Compile a minimal kernel without things like IO-APIC and ACPI
enabled.
Oh, I don't use modules by the way, so any issues with things being
compiled as modules won't be apparent to me :-). So, you might want
to try compiling everything in.
John.
Hi,
have you already looked at the irq's from the lspci output? Especially
the
usage from 16 to 19, for graphics-, sound- and network-card looks a bit
wrong.
>From your kernel-configuration I can see that you have acpi enabled, the
first I would do is booting with acpi=off as kernel option. If you
really need acpi later on, you should try with pci=noacpi or pci=biosirq. Also
consider to use a more recent acpi from acpi.sf.net.

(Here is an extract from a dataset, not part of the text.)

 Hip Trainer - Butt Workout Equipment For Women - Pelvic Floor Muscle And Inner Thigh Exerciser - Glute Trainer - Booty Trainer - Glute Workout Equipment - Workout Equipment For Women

If this doesn't help, I would suggest that you also send some lines from
dmesg-output, so that the real experts can see whats going on with your
irq-routing.
Best regards,
Bernd
On Thu, Jun 19, 2003 at 02:29:40PM +0200, Bernd Schubert wrote:
> have you already looked at the irq's from the lspci output? Especially the
> usage from 16 to 19, for graphics-, sound- and network-card looks a bit
> wrong.
No, I hadn't noticed that. hmm. However I have both tried with and
without ACPI and APCI or whatever it is (One does stuff like APM and the
other one does the irq routing among other things IIRC.) People have
told me to both turn it on and off. Anyway, later on today I'm going to
try using a minimal kernel built with no options I absolutely don't need
to have to boot this thing. Might work.
dmseg attached.
Timothy C. McGrath
I believe I have nailed the problem to the wall. Your talk about the
bios misdetecting the cable got me to thinking - I hadn't actually been
able to see what the bios said it was configuring the disks attached to
since lilo's menu came up microseconds later.
I still haven't bothered checking, however I believe the bios is on a
very unhealthy volume of crack. :)
using hdparm -i /dev/hda shows the disk wasn't configured to do any pio
mode or udma/dma mode at boot time. Strange, right?

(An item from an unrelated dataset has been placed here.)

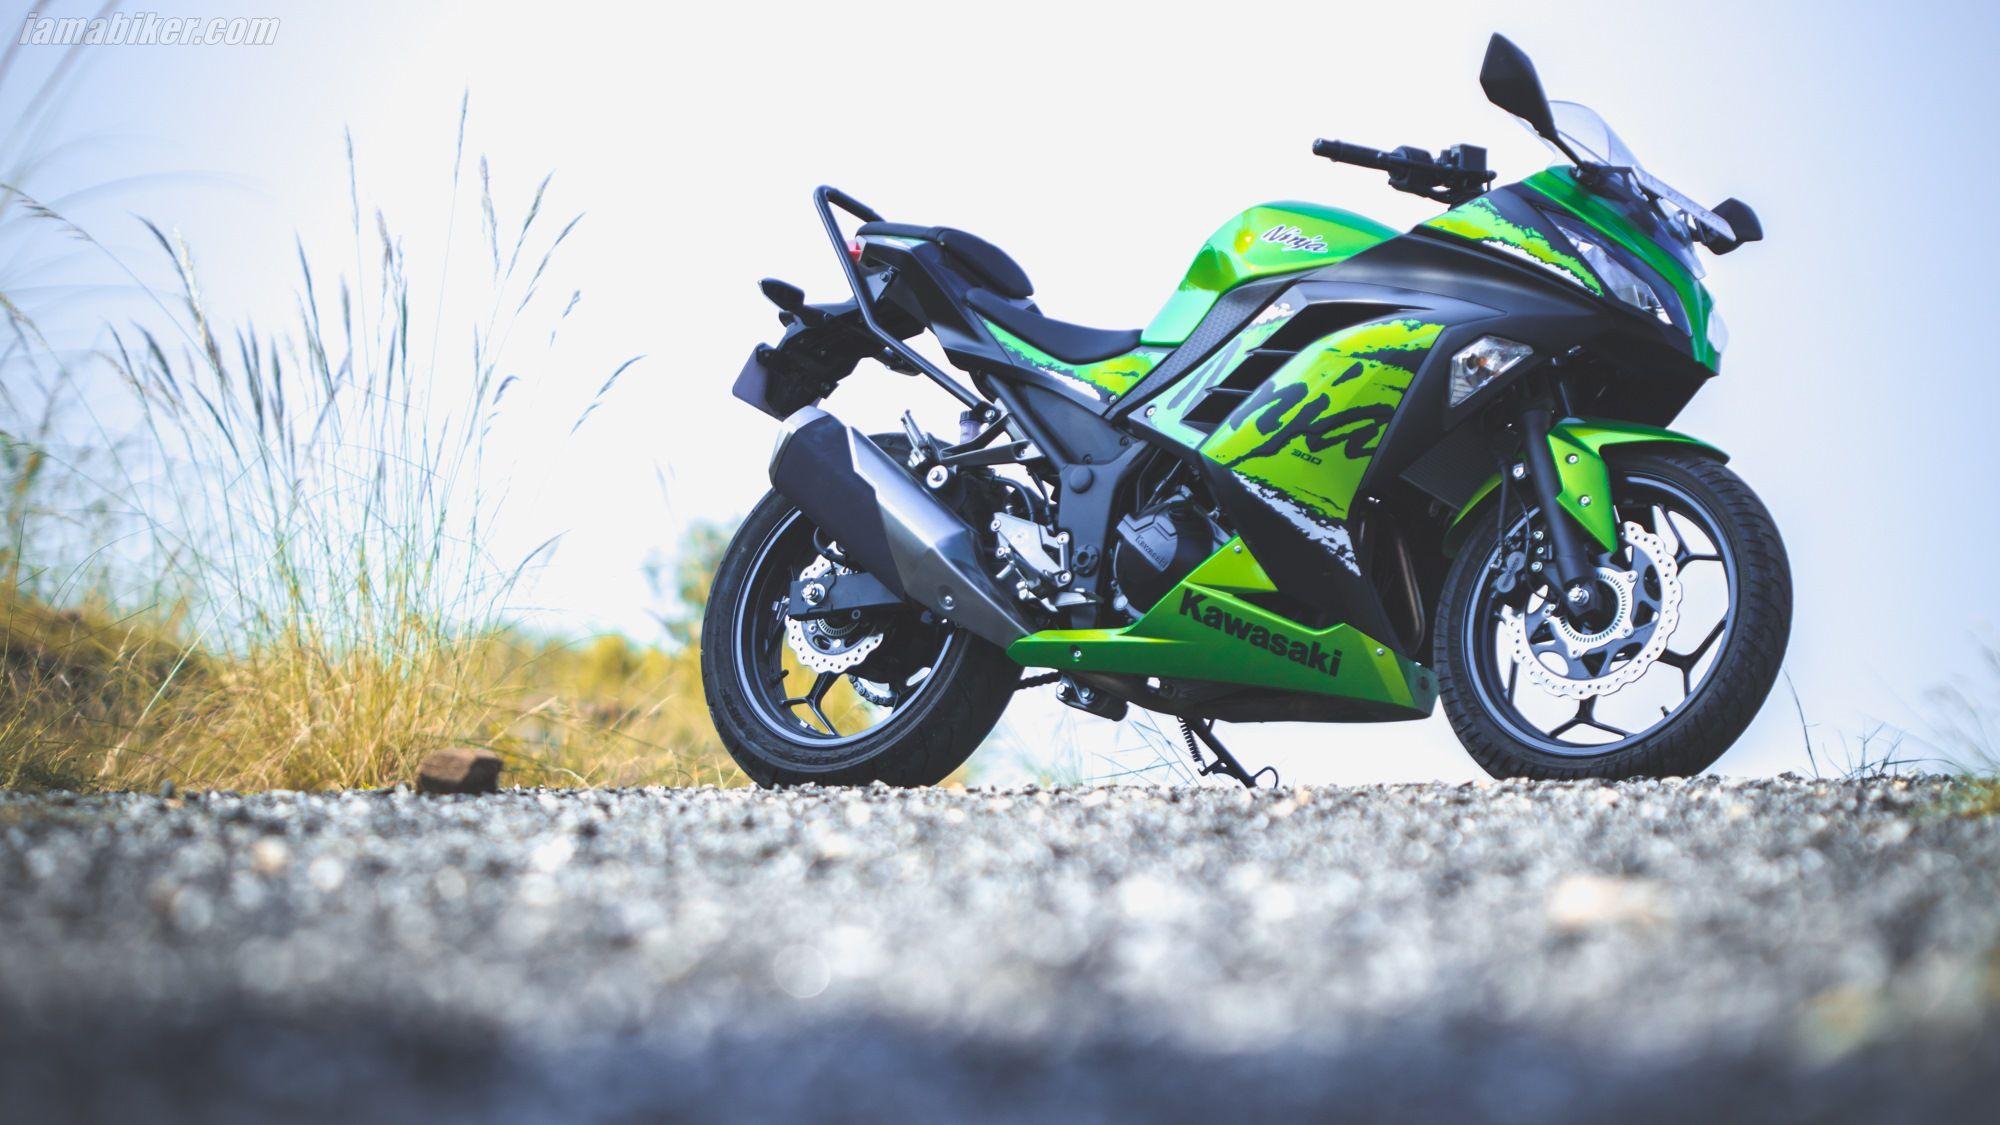 Kawasaki Will Keep Ninja 300 Alive Make It Bs 6 Compliant Kawasaki Ninja 300 Kawasaki Ninja Ninja Bike

Stranger when you do hdparm -I on the disk again and it shows the disk
is set to use udma4 - and the disk only understands up to udma2! - now
add in the fact I currently have a 40 wire cable connected to the disk
and my brain starts frying :)
At a suggestion of a friend, I set the disk to use mdma2 - via the line:
hdparm -Xmdma2 -d1 /dev/hda
It worked, for all of two seconds. Remember, this is a WD drive. WD
drives, or at least mine, like to screw up in pretty amazing ways when
you turn dma on initially. Mine throws a screenful of CRC errors,
causing the kernel to reset the ide channel. Oddly, I noticed that dma
was still on despite the fact the channel had been reset - so I checked
with -I again, only to find out now the disk was told to use udma*3*! -
this wasn't getting me anywhere. >D Anyway, the simple fix was to force
it to keep settings across a reset by doing:
hdparm -Xmdma2 -k1 -d1 /dev/hda
- I am no longer getting any hda: lost interrupt messages, nor am I
getting any errors at all about the disk losing data or getting
confused. It's running slower than I'm used to, as I used to run it in
ata66 mode, but MUCH faster than it was a day ago. :) All I need to do now is migrate the information from this disk to one of my maxtors and I'm all set. Finally, I can start setting this machine up. Note, I could get this disk to use ata66 again if I switched cables to the 80 wire variant - but I plan on replacing this disk asap anyway.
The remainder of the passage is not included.